Monday, April 26, 2010

AFP and The Twitter Debacle

The blogosphere is all aTwitter over the fact that a photographer on Haiti, seemingly without options for getting his remarkable images out, opted to use Twitter to do so. (PDNPulse - here).

When Agence France Presse (AFP) published those images, and, yes, profited from their distribution as did all their subscribers, the photographer got mad, because he was not profiting from the images, as he should have. Or should he?
(Continued after the Jump)

The Terms and Conditions for the use of Twitter grants Twitter the right to redistrubute without payments to the originating party, whatever passes through their system, but apparently the photographer didn't read the terms for the service he used? Instead, the photographer should have built up the necessary infrastructure and had it at the ready (Sat phone, anyone?).
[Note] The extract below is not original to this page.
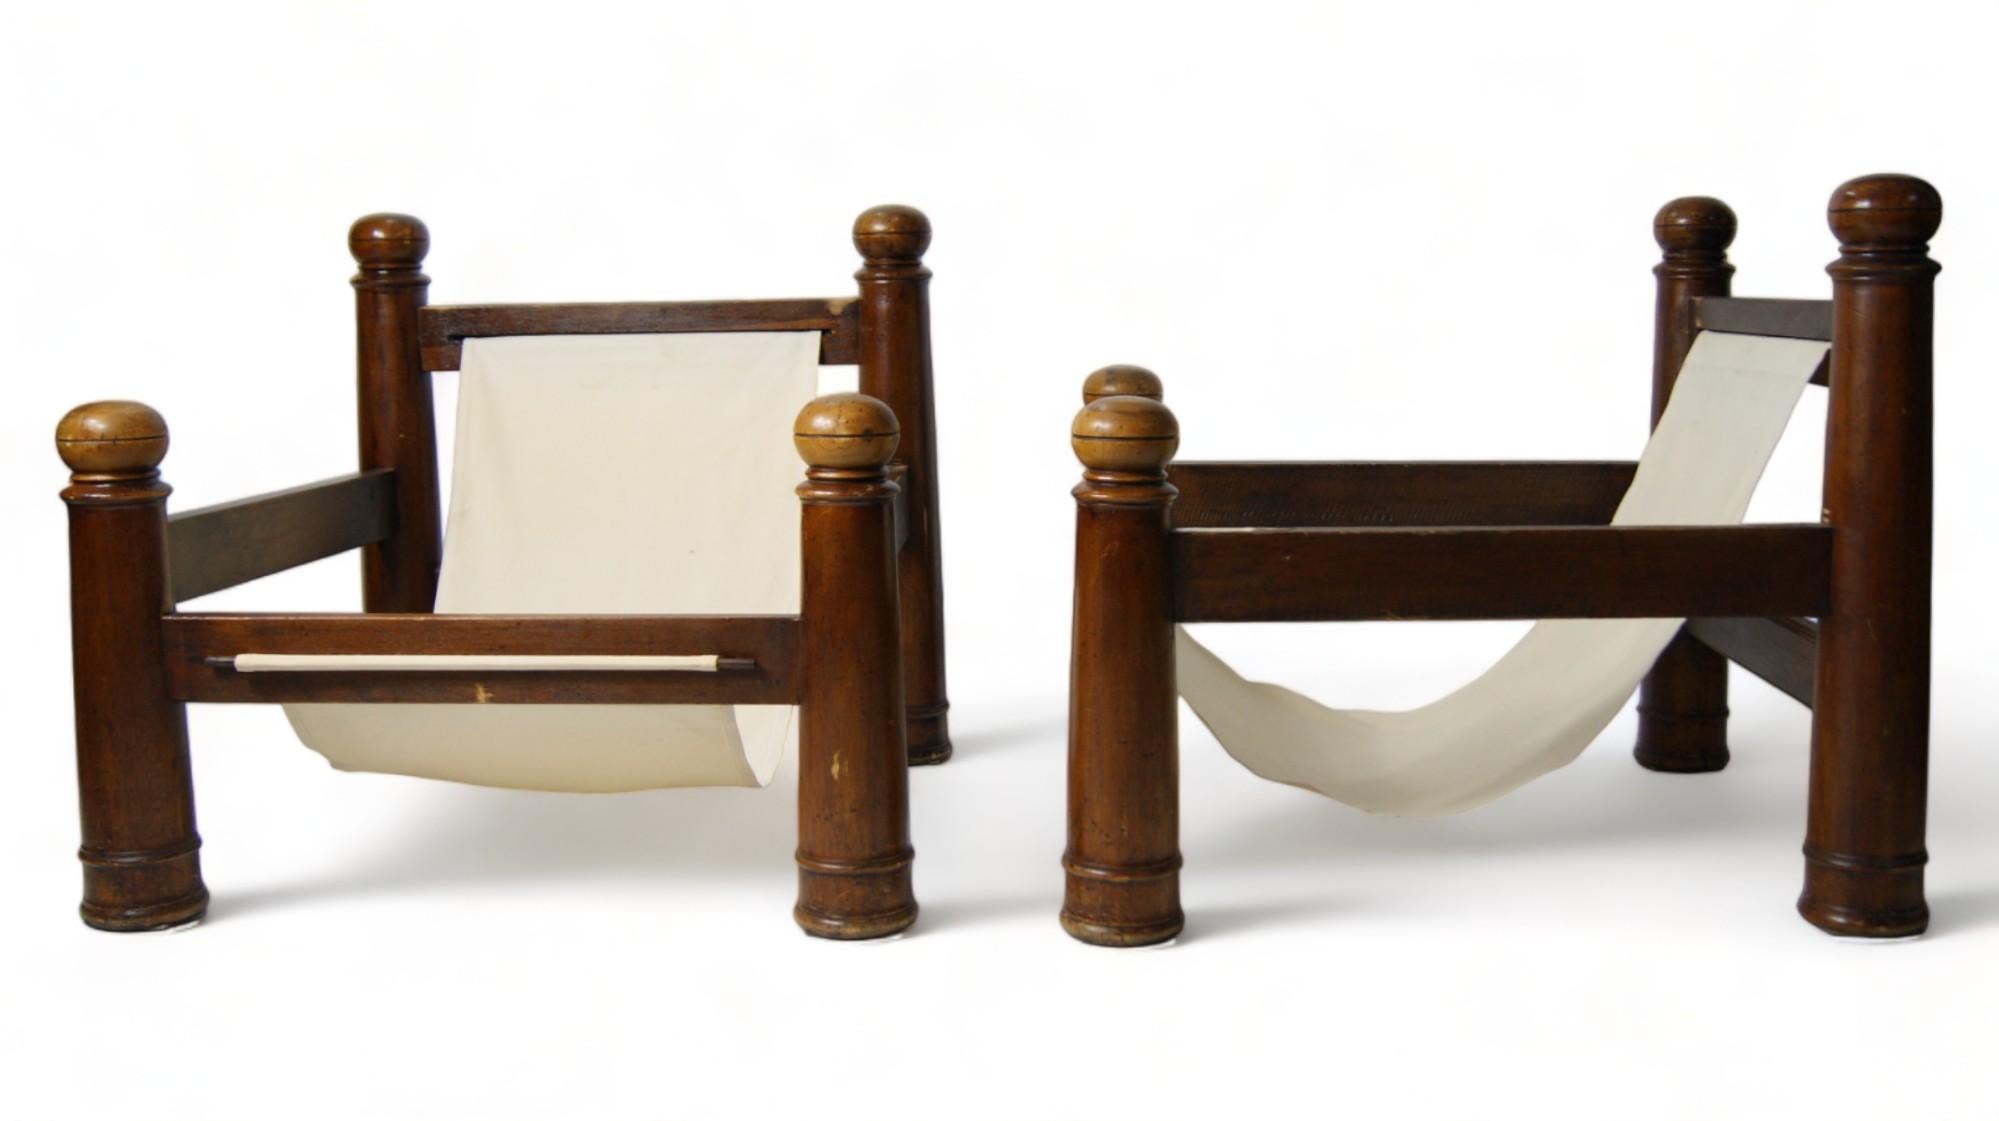 Les grands fauteuils du modèle rare conçu par Charles Dudouyt sont une véritable rareté qui fusionne l'art sculptural et la fonctionnalité. Dudouyt, réputé pour son approche distinctive de la conception de meubles, a laissé une marque indélébile

For example, I have the necessary equipment to traverse a blizzard, get around during the aftermath of a hurricane, and reduntant communications systems both in the office and on location in the event of system outages.

Arguments by the photographer that he didn't read the terms of service should fall on just as deaf a set of ears as the arguments that are made by clients who say they shouldn't be held to the terms of our delivery memos, contracts, or embedded-metadata restrictions on our images. "Officer, I didn't see the speed limit posted..." is not a valid excuse.

It's unfortunate here, but just as most photographers don't read the heinous wire-service contracts that freelancers are signing because they're non-negotiable, so too, are they making mistakes when posting images on free services with onerous terms and conditions.